Cardtronics PLC has announced financial and operational results for the quarter ended March 31. Among the quarter's year-over-year financial highlights:

  • Total revenues of $318.3 million, down 5% from $336.2 million (down 2% on a constant currency basis), primarily due to decreases in Link interchange rates in the United Kingdom.
  • ATM operating revenues of $302.6 million, down 5% from $319.7 million (down 2% in constant currency), primarily due to decreases in Link interchange rates in the U.K.
  • GAAP net income of $4.3 million, or 9 cents per diluted share, compared with GAAP net loss of $2.8 million, or a loss of 6 cents per diluted share.
  • Adjusted EBITDA of $61 million, down 11% from $68.7 million, primarily driven by decreases in Link interchange and a nonrecurring property tax benefit in 2018.
  • Adjusted net income per diluted share of 35 cents compared with 46 cents in 2018.
  • Agreements executed to brand more than 1,000 ATMs in the U.S.
  • Launched Allpoint Plus deposit network in the U.S., targeting nearly 1,000 deployments by the end of 2019.
  • Announced cardless cash access at ATMs in the U.S. with approximately 11,000 ATMs currently enabled.
  • Announced $50 million opportunistic share repurchase authorization.

“The first quarter results were a solid start to 2019, as we experienced better than expected surcharge-free transactions in our largest markets," Cardtronics CEO Edward H. West said in a press release. "The transaction levels, coupled with strong operational execution by the team, resulted in a significant increase in adjusted free cash flows.

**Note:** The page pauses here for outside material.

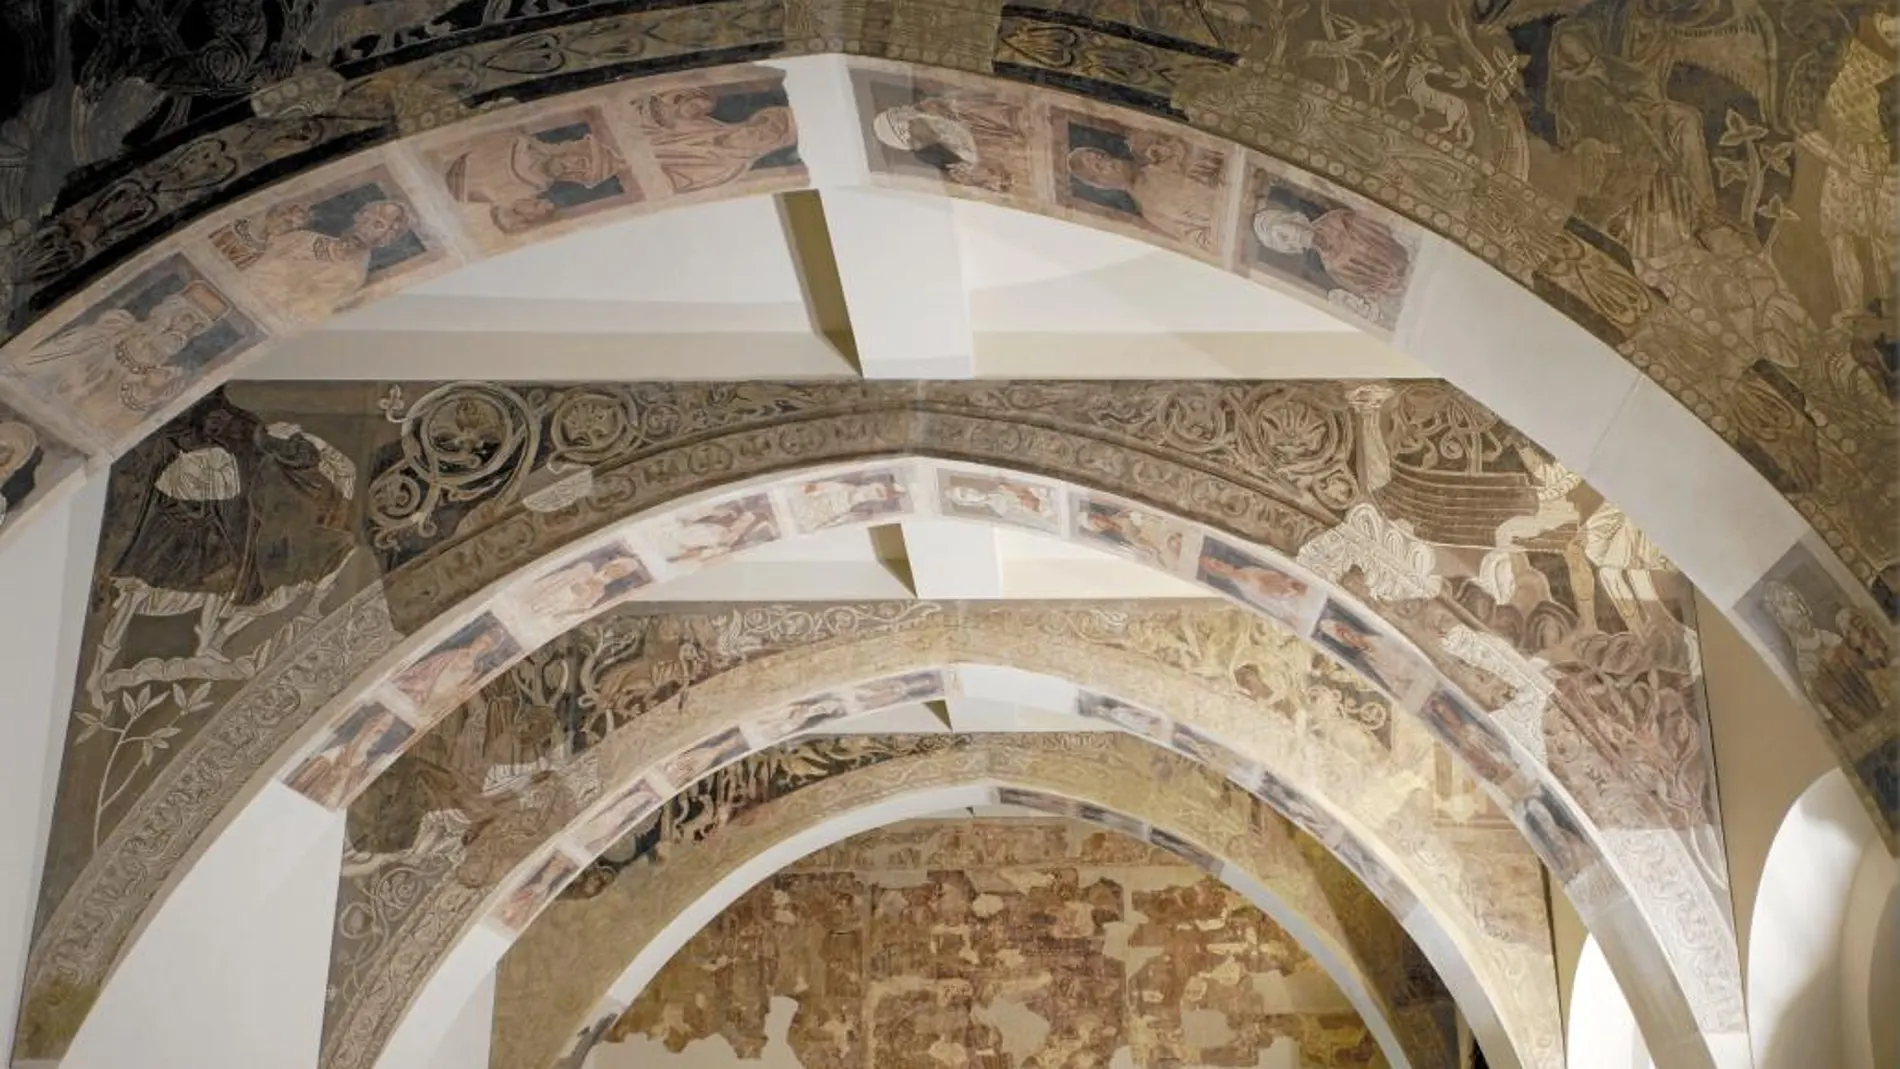 Los murales de Sijena en su actual disposición en el Mnac

Our Allpoint and bank-branding surcharge-free solutions in the United States continue to advance as banks, consumers, and retailers value the convenience, reliability, and security of our network of retailer-based ATMs."

Cardtronics also increased its outlook for 2019:

  • Revenues of $1.32 billion–$1.36 billion.
  • GAAP net income of $32 million–$34 million.
  • Adjusted EBITDA of $290 million–$300 million.
  •  Adjusted net income of $94 million–$100 million.
  • Adjusted net income of $2.01–$2.12 per share.